Long after their deaths, two famous scientists continue to challenge us with their words. “Knowing is not enough; we must apply. Being willing is not enough; we must do,” said Leonardo da Vinci, Italian artist, scientist, and inventor. “The true sign of intelligence is not knowledge but imagination,” spoke German-born theoretical physicist Albert Einstein. Their pioneering work has influenced all areas of science and, perhaps, even science fiction.

The imaginary tricorder in the Star Trek series may represent the ultimate goal of integrated point-of-care diagnostics, but it remains a fictional object. However, the Internet of individual care (and with it, the creation of high volumes of clinical data), where sensors, tests, and wearable devices have moved out of the laboratory and clinic directly into our lives for self-management and remote monitoring, has already begun and presents significant challenges to providers, regulators, and accreditation agencies alike.

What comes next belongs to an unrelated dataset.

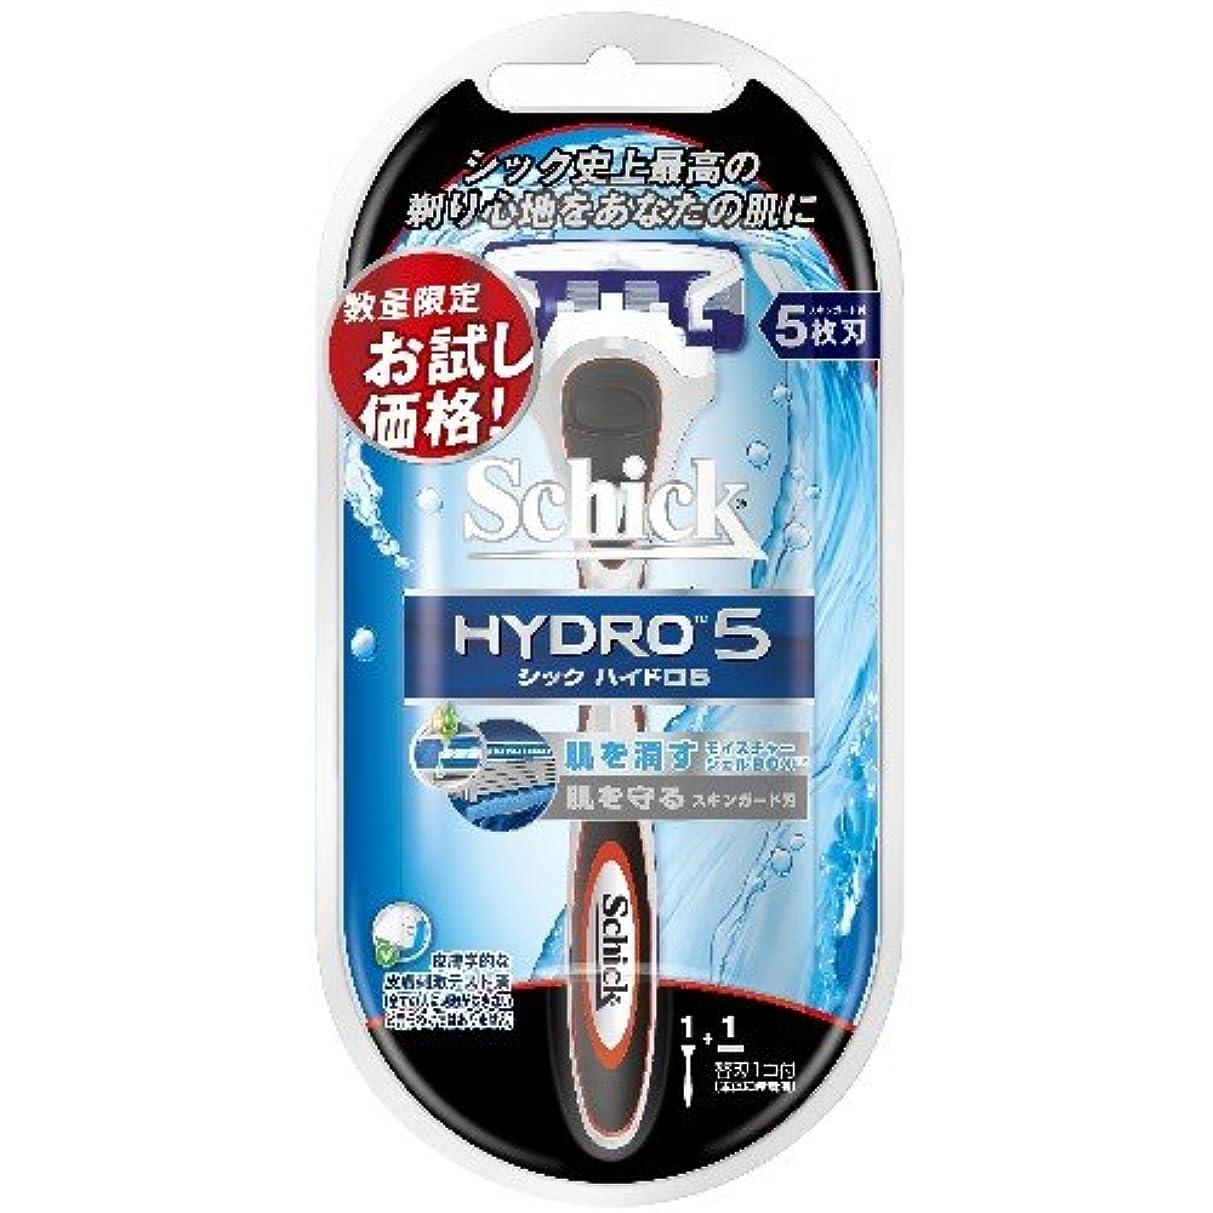 舌災害グラムシック 【限定品】ハイドロ5 お試しホルダー 替刃1コつき

One great example of an actual device that demonstrates the power of decentralized healthcare, using an in vitro whole blood diagnostic test, is self-monitoring of blood glucose via blood glucose meters or wearable continuous glucose monitors to manage glycemic control. As evidenced by competitive funding of technologies to disrupt and transform traditional healthcare delivery, this paradigm shift will continue to advance POCT, self-testing, and remote monitoring of patients. The Qualcomm Tricorder X Prize, a $10-million award in the United States, seeks to spur the development of a “portable, wireless device in the palm of your hand that monitors and diagnoses your health conditions.” The Nokia X Challenge, a $2.25-million award also in the U.S., encourages breakthroughs in sensor technology to “bring about entirely new ways to monitor, access and improve consumer health.”

These challenges are interesting and exciting, and today we are already seeing a paradigm shift to patient-centric healthcare outside of the hospital driven by these new, emerging POCT technologies. However, to fully utilize these new technologies, which are rapidly transforming global healthcare, our current systems for approving and monitoring device performance will also require radical reform. Current regulatory and accreditation requirements were not originally developed for POCT but for laboratory-centered testing practices more than 30 years ago. They require further modification to meet the increasing demands for more testing in ambulatory settings, the urgent care clinic, and the home to improve therapeutic turnaround times for chronic disease management.

Technologies and regulations

POCT technologies are evolving, and this market segment is growing at a rapid pace. Previously in the pages of MLO, I outlined how the role of POCT was beginning to impact the development of patient-centric care.1 The use of POCT has evolved further since 2013, with the range of professional and self-monitoring tests, including wearable devices, expanding significantly into the ambulatory setting with a patient-centric focus (Tables 1 and 2, and Figure 1). The need to improve patient safety and outcomes through rapid testing with trustworthy and actionable results at the point of care has provided significant benefits, including the ability to provide immediate and appropriate medical intervention.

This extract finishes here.